# AMBrc & AMB20 transponder repairs



## bigfix (Jun 10, 2009)

Hello Racers
My services have been mentioned in other threads over the years and the links in those postings are out of date.

If you need Transponder battery replacement or repairs
Google "AMB Transponder repairs"

Wire replacement for AMBrc DP personal transponders available.

Tip: AMBrc transponders should be fully charged at least once per month when not in regular use. This will prolong the battery life.


Cheers for now
Jeff
Transponder Services


----------



## pancartom (Feb 26, 2002)

I sent some AMBrc transponders to Jeff, and he was very professional in his quote and repair service. I've been using them every week now since they've been back and they work great.
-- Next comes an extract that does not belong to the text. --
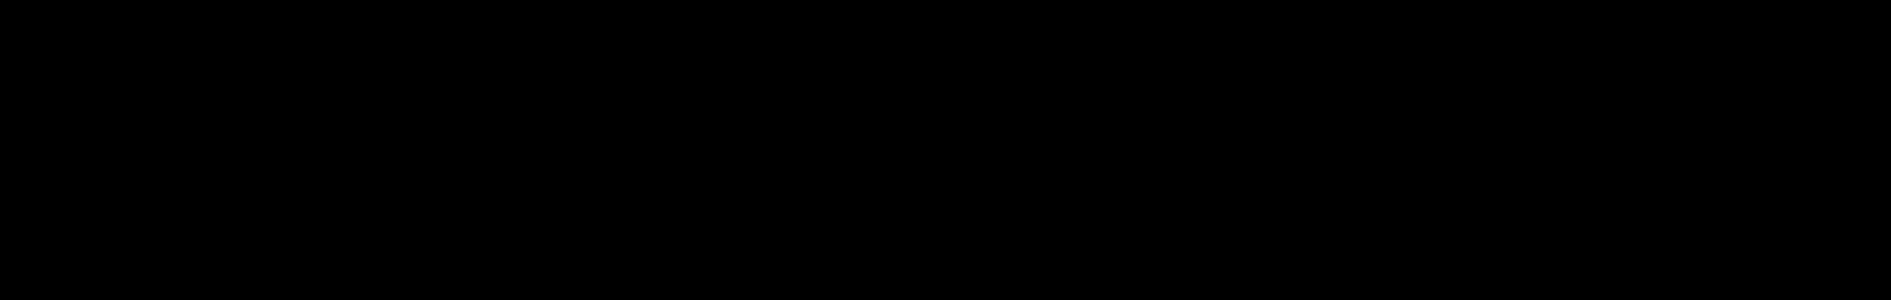 dauntless_logo_dark.png

I'll use his services again when the rest of my transponders need repair.

Tom Anderson


----------



## t4mania (Aug 30, 2007)

Jeff, I have AMB Personal Transponder and would like to know what you recommend to charge it up when not in use.


----------



## only oval (Jan 9, 2009)

Personal transponders have no internal battery, they get their power through the receiver. No charging required when not in use.


----------



## t4mania (Aug 30, 2007)

Thanks Oval


----------



## OvalTrucker (Dec 14, 2003)

This thread should probably be in the Product Support Forum. 

Don't be surprised if it gets moved.


----------